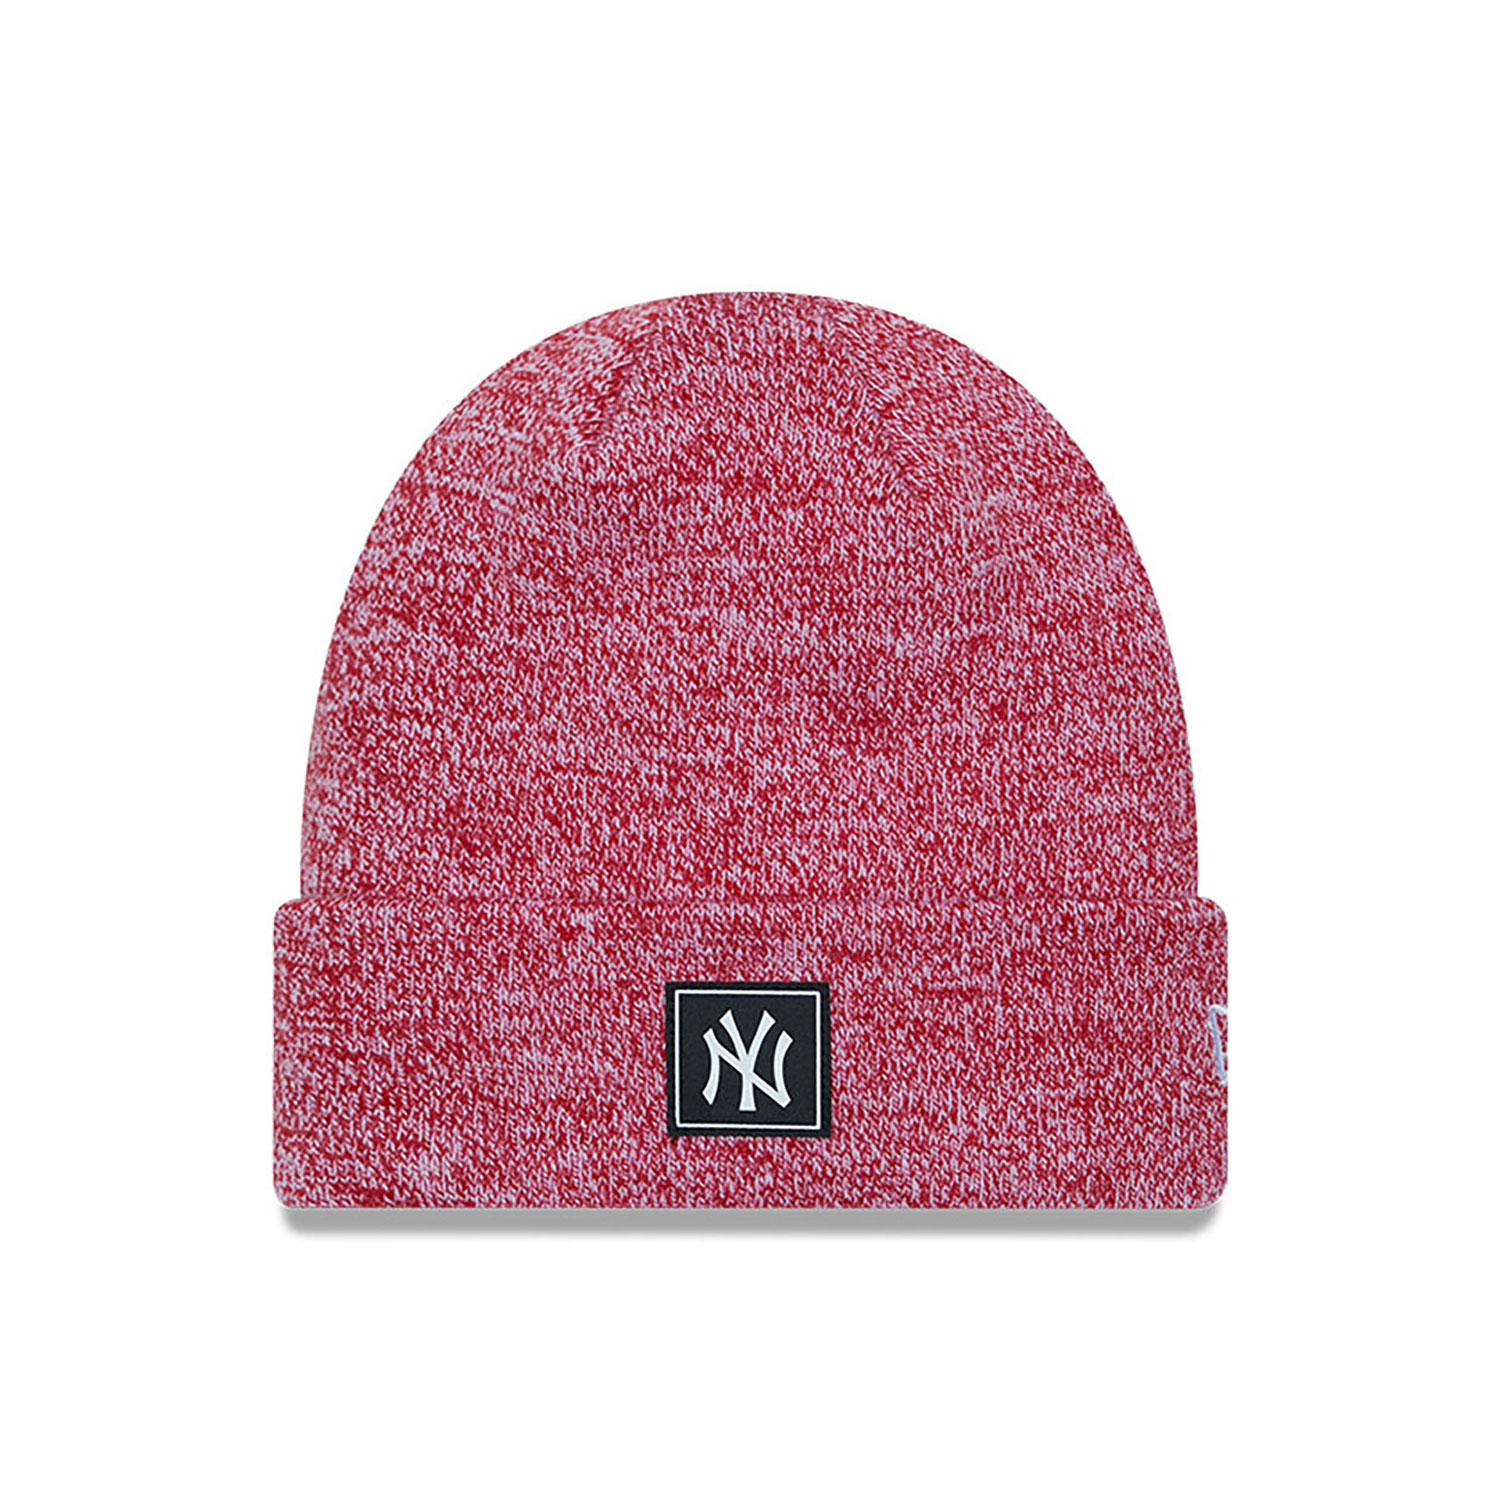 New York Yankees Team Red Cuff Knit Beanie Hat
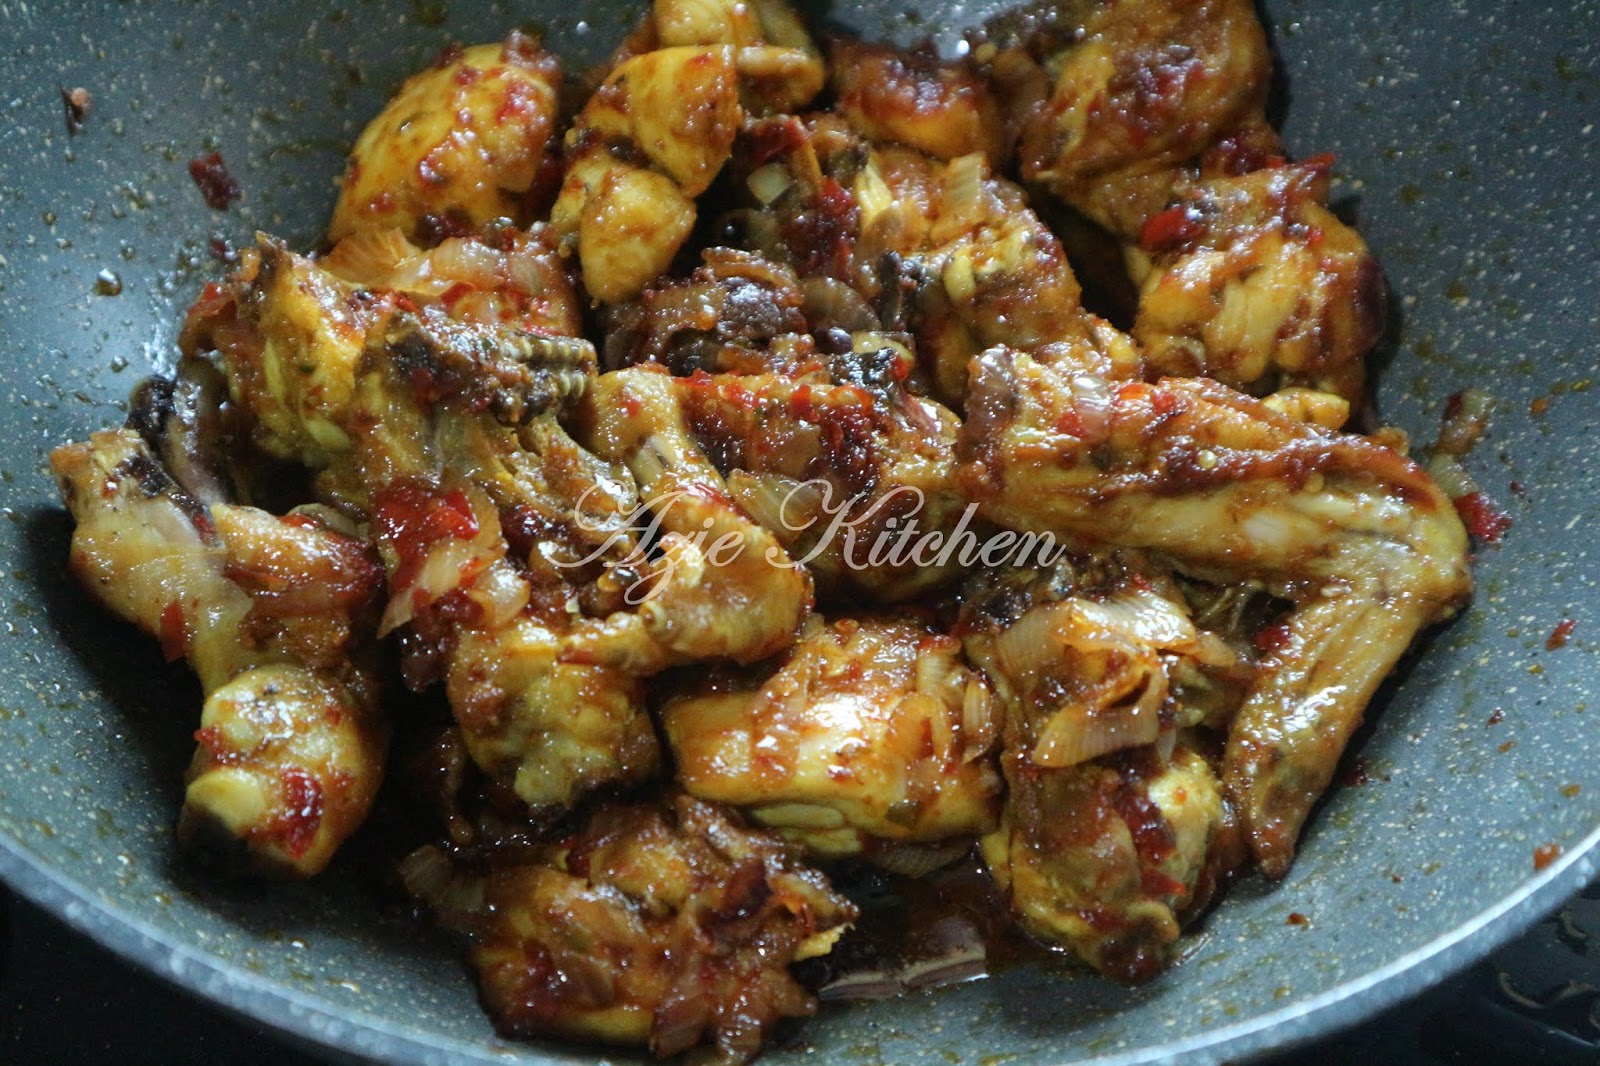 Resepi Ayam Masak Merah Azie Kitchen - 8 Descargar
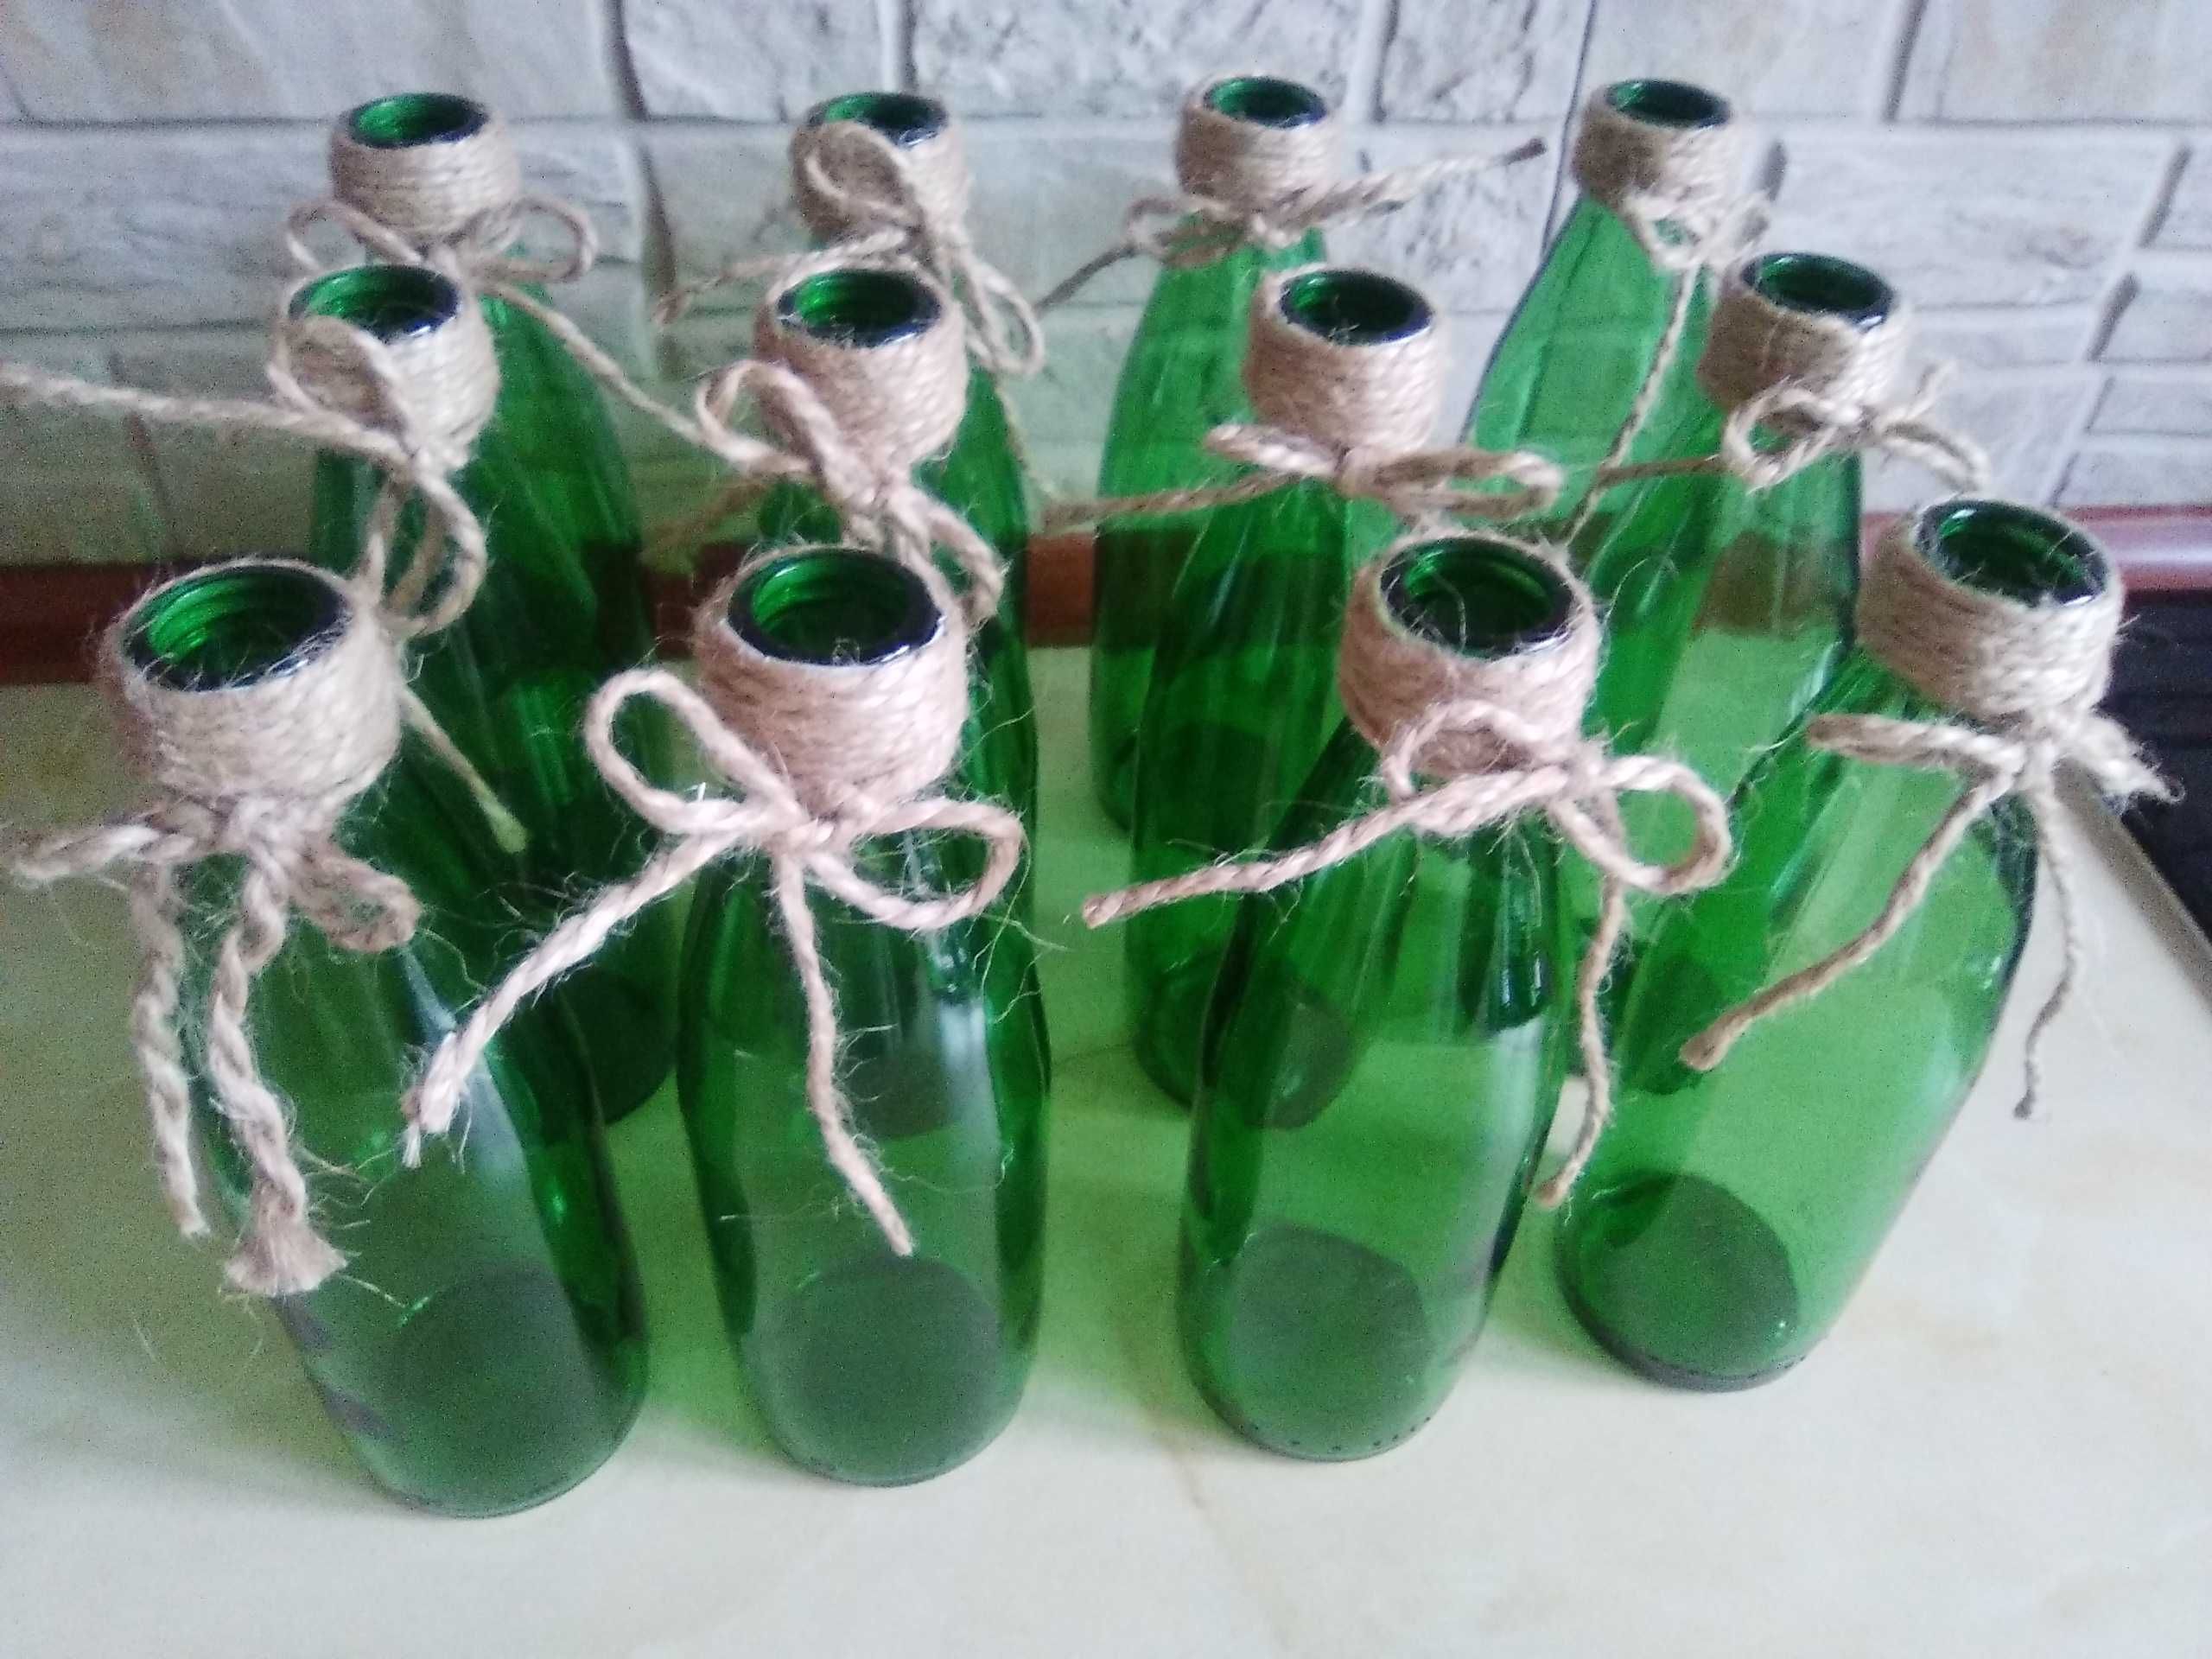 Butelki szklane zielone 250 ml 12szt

== == ==

YOUR OBJECTIVE: Please write out, word for word, each line from the one with "Resepi Ayam Masak" to the last line of the data, keeping both ends and omitting pictures.

EXERCISE ANSWER:
 Resepi Ayam Masak Merah Azie Kitchen - 8 Descargar
 Butelki szklane zielone 250 ml 12szt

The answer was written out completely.